Так закончилась астраханская ночь больших ножей. Ватага Галани была частью перебита, частью попала в плен, чтобы украсить собой городские виселицы. Но сам атаман с несколькими десятками человек к рассвету был уже далеко от города. Захватив рыбачьи лодки, он велел своим людям грести вверх по течению, спасаться, бросив на острове товарищей и всё награбленное добро. Я лежал на дне одной из этих лодок, страдая от боли, а ещё больше от стыда. Я бездарно провалил свою миссию, а в придачу к этому снова оказался среди разбойников, окунувшись в пучину новых несчастий и опасностей.
Глава ХХ
Бегство из Астрахани. Стоянка в заводи. Еремейка рассказывает мне, как Галане удалось скрыться из трактира. Атаман принимает решение укрыться на Шайтан-горе. Плаванье по Волге. Легенды Жигулей. Галаня уничтожает ватагу Ульяшки и Парашки. Шайтан-гора.

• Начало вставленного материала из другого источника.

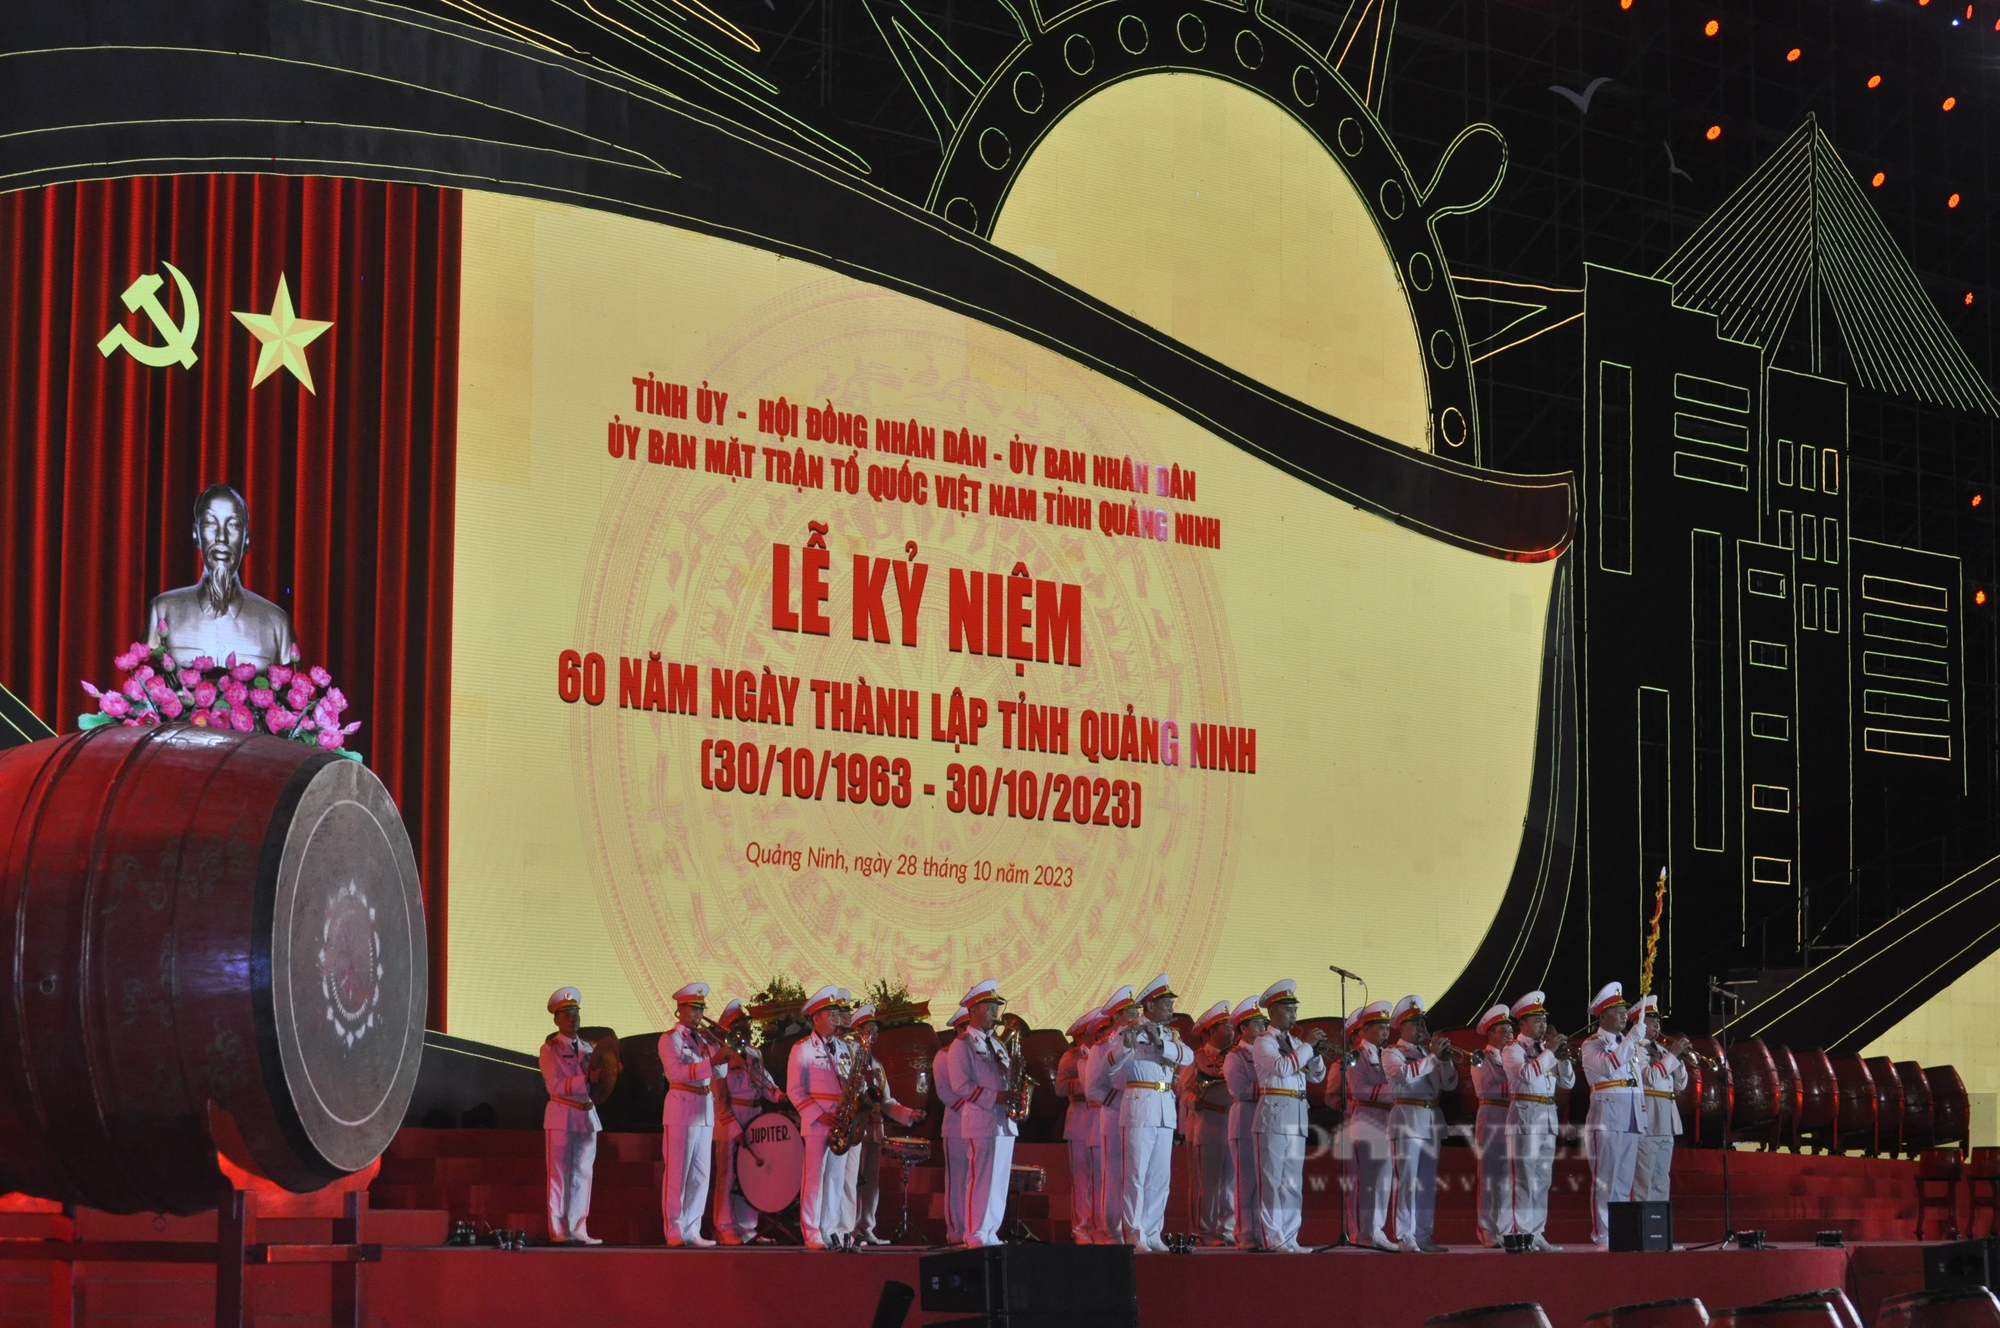 Mãn nhãn với màn trống hội lớn nhất Việt Nam trong lễ kỷ niệm 60 năm Ngày thành lập tỉnh Quảng Ninh - Ảnh 1.

Галаня и остатки его ватаги вырвались из охваченного огнём города с первыми проблесками рассвета. Те, кто был в состоянии грести — гребли. Остальных мучили страшные кровоточащие раны. Они стойко переносили боль, старались, как могли перевязать друг друга. Некоторые метались в бреду, без конца просили пить. Потом они затихали. Им закрывали невидящие глаза, поп Филька читал короткую молитву, и тело выбрасывали в реку.
Это было страшное бегство. Казакам чудилась скачущая вслед погоня, и они понимали, что если воевода выслал вслед хотя бы сотню всадников, им не пережить утра.
— Ах Волынский, ах плешивый пёс, золотишко взял, а потом нож в спину, — бушевал Галаня. — Попомнит он меня. Я до него доберусь. Вздёрну гада на собственных кишках.
Как только рассвело, атаман высмотрел укромную заводь, скрытую от посторонних глаз и велел разбивать на берегу лагерь. Лодки вытащили на песок. Запылали костры. Раненых положили на подстилку из нарубленного камыша.
Поликарп Ерофеевич каким то чудом уцелевший в ночной резне, наверное потому что меньше всего походил на воровского казака, с докторским саквояжем, который ему тоже неведомо как удалось сохранить, обходил своих пациентов. Одному за другим он вытаскивал пули, промывал и зашивал раны, делал перевязки, поил отваром от лихорадки.
Осмотрев меня, он присвистнул:
— По тебе Васька будто табун жеребцов проскакал. Тем не менее считай, что родился в рубашке. Ожоги хоть на вид и страшные, но не смертельные. Заживут. Ушибы по всему телу, но кости целы. Только лёгкое сотрясение мозга, вывих руки, пара глубоких ран, которые неплохо бы заштопать. В общем, неделька, другая и будешь плясать.
Он смазал мои ожоги мазью, от которой нестерпимая боль тут же поутихла, зашил рваные раны на голове и ноге, а потом дёрнул мою правую руку так, что я взвыл.
— Терпи казак, атаманом будешь, — напутствовал меня полковой хирург и перешёл к лежавшему рядом Еремейке.
Тот получил удар багинетом в сражении у Кабацких ворот и очень сокрушался о своей старенькой балалайке, которая приняла на себя основную силу этого удара, спася, таким образом, ему жизнь.
Карлик, несмотря на боль, был как всегда весел и словоохотлив. Пока Поликарп Ерофеевич возился с его раной, он рассказал мне, как Галане удалось выбраться из «Пушкарского двора».
— Атаман наш в Астрахани никогда не бывал, а потому о тамошних злачных местах не имел ни малейшего разумения. Он сказал мне:
«Ты Еремейка, в сём городе частый гость. Скажи мне, где можно устроить гулянку, чтобы и жрачка была добрая и выпивка что надо».